Cursor -> turbopuffer, cutting costs by 20x

Cursor switched from a vector database with a traditional storage architecture to turbopuffer, cutting costs by 20x and unlocked the ability to scale effortlessly as they grow.

20x

cost reduction

100B+

vectors stored

10GB/s

write peaks

10M+

namespaces

turbopuffer is one of the few pieces of infrastructure we haven’t had to worry about as we’ve scaled. Since day one, turbopuffer has felt like they were part of our team.

Sualeh Asif

Sualeh Asif, Co-founder and CTO

Why turbopuffer?

turbopuffer’s serverless architecture with unlimited namespaces was a natural fit for Cursor’s namespace-per-codebase use case. Active codebase namespaces are loaded into the memory/NVMe cache, and inactive codebase indexes fade into object storage.

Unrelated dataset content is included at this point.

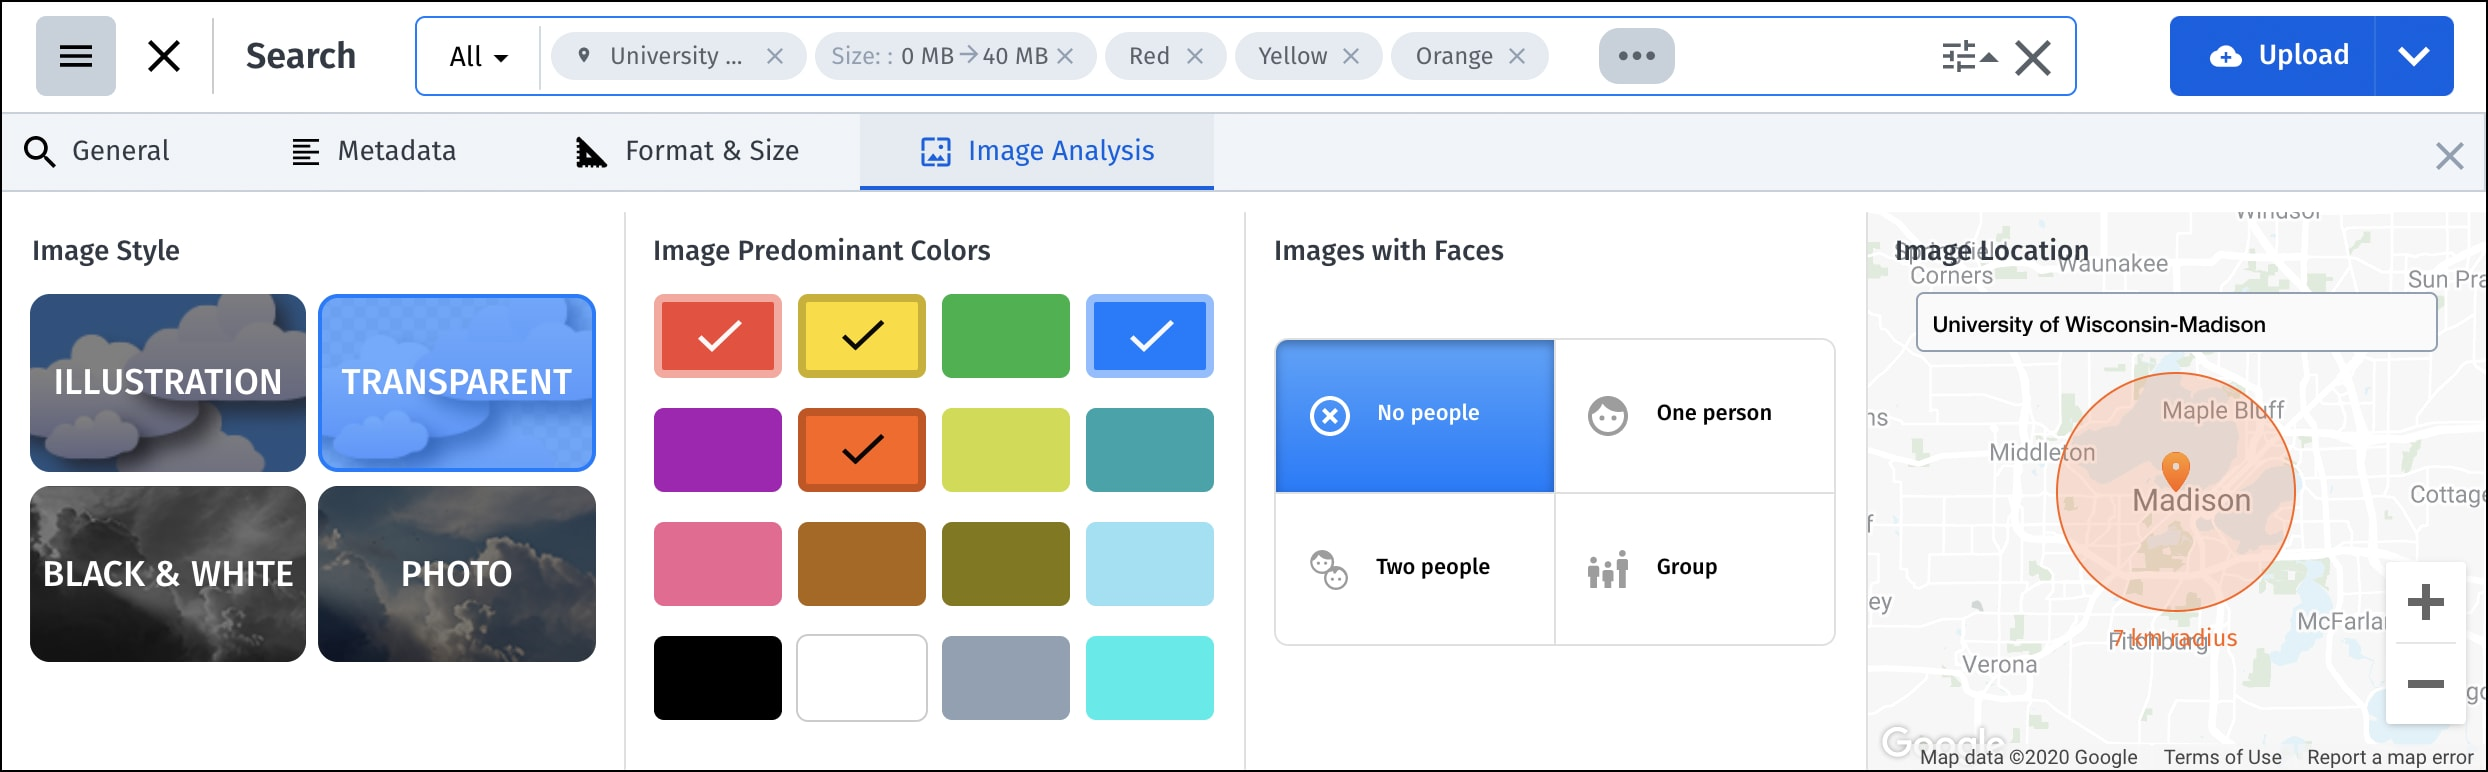 Search tab: Tags & Metadata

This cold/warm set of tradeoffs was a perfect fit for Cursor to realize dramatic cost reduction without degrading performance. Unlimited namespaces mean the Cursor infrastructure team no longer has to manually balance codebase indexes to servers.

Results

Cursor migrated to turbopuffer in November 2023 and experienced:

  1. 20x cost reduction
  2. Unlimited namespaces in a fully serverless model; no more bin-packing codebase vector indexes to servers
  3. Peak ingestion of 1M+ writes/second, for faster migrations and indexing

turbopuffer in Cursor

turbopuffer powers code retrieval features in Cursor to populate the context window with code searches when appropriate. In the example below, Cursor draws on turbopuffer to semantically search across the codebase.

Codebases opened in Cursor are chunked and embedded with Cursor’s own embedding model. Each (user_id, codebase) is a separate namespace in turbopuffer, and Cursor employs various mechanisms like copy_from_namespace to recycle embedding vectors between namespaces.